Further Studies from the book —

(1) Taylor, K., & Rohrer, D. (2010). The effects of interleaved practice. Applied Cognitive Psychology, 24, 837–848.

(2) Shea, J. B., & Morgan, R. L. (1979). Contextual interference effects on the acquisition, retention, and transfer of a motor skill. Journal of Experimental Psychology: Human Learning and Memory, 5, 179–187.

(3) Rohrer, D., Dedrick, R. F., & Stershic, S. (2015). Interleaved practice improves mathematics learning. Journal of Educational Psychology, 107, 900–908.

(4) Carter, C. E., & Grahn, J. A. (2016). Optimizing music learning: Exploring how blocked and interleaved practice schedules affect advanced performance. Frontiers in Psychology, 7.

(5) Rohrer, D. (2012).
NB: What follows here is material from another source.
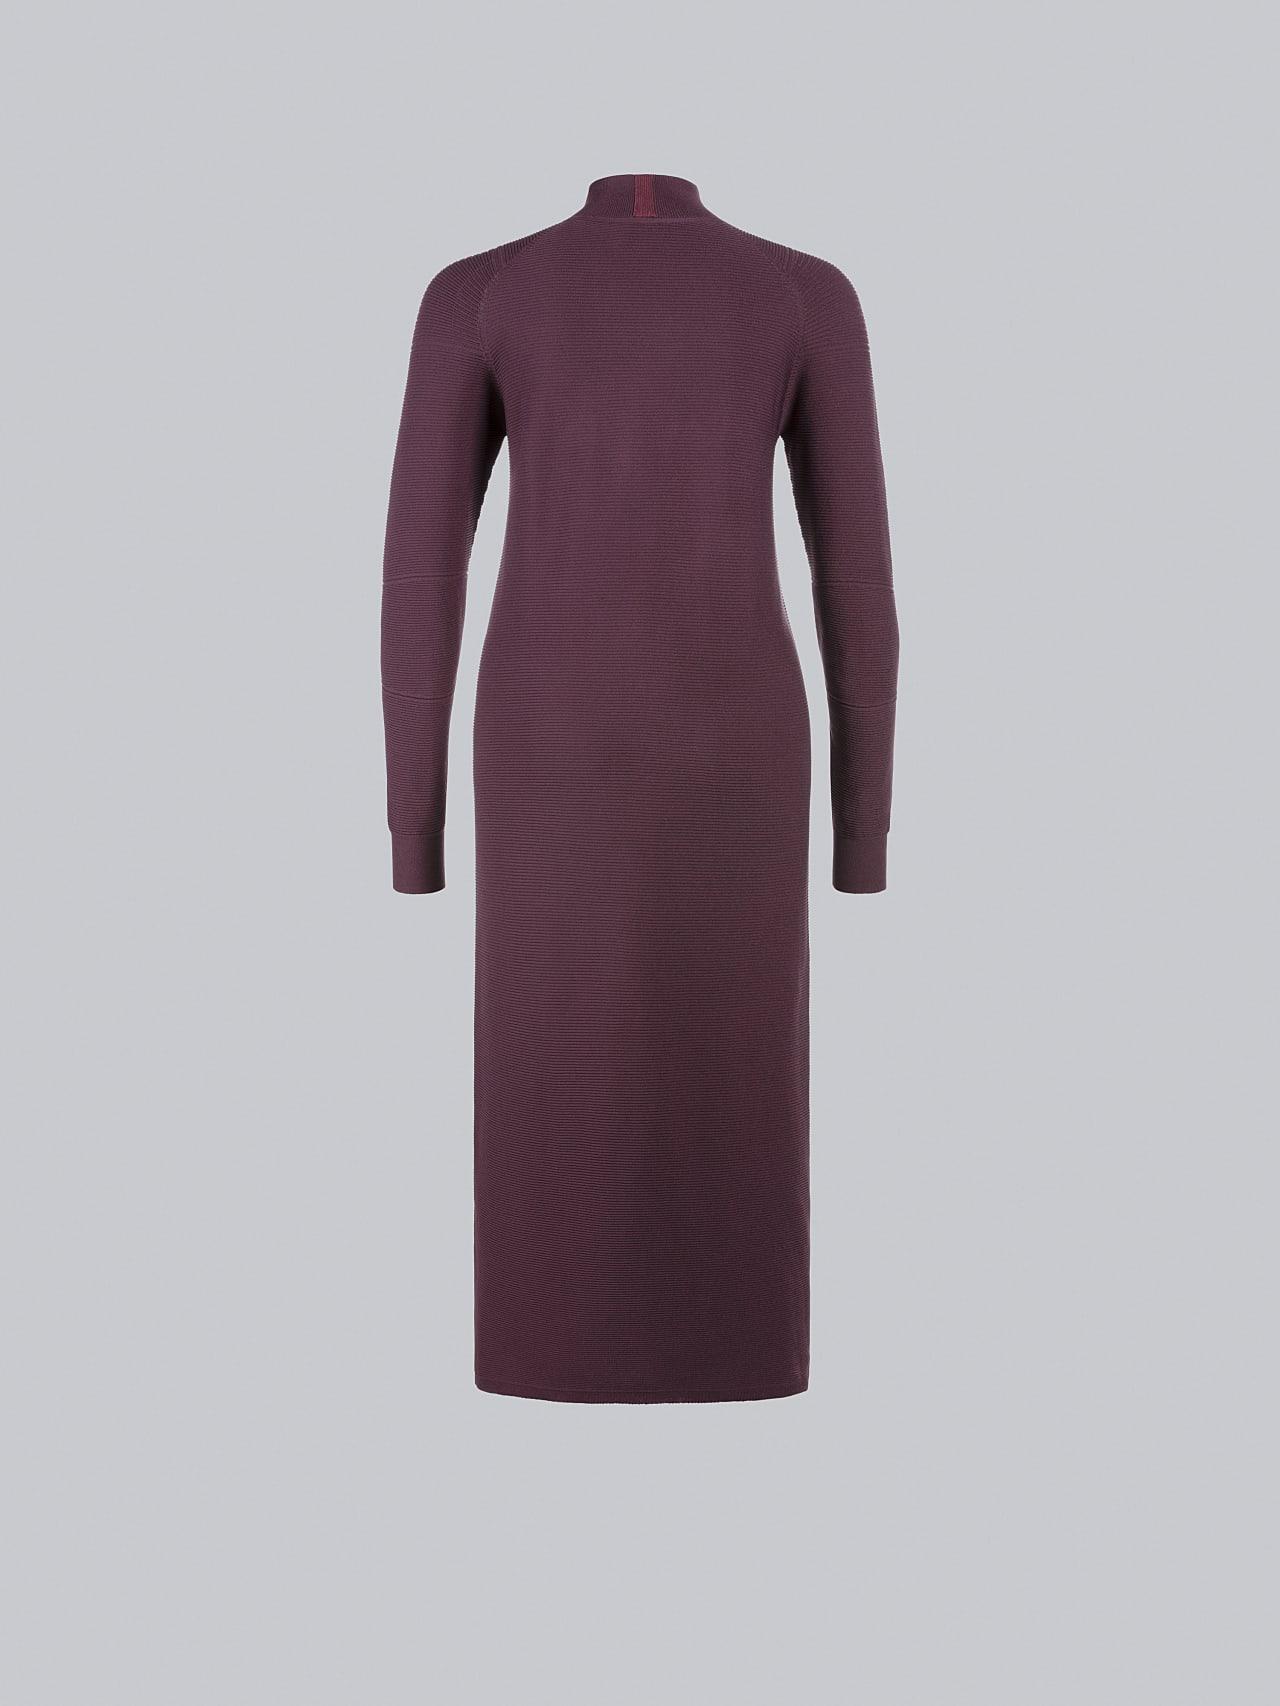 FOXEE V1.Y5.02 Seamless 3D Knit Mock-Neck Dress Burgundy Left Alpha Tauri

Interleaving helps students distinguish among similar concepts. Educational Psychology Review, 24, 355–367.

Your homework: This week, redesign one practice session using the interleaving method. Choose four to six subjects you already need to work on, set a timer for ten or fifteen minutes per subject, and cycle through all of them at least twice. Note how your focus and energy compare to a standard block session. Bring your observations — positive or negative — back to the group.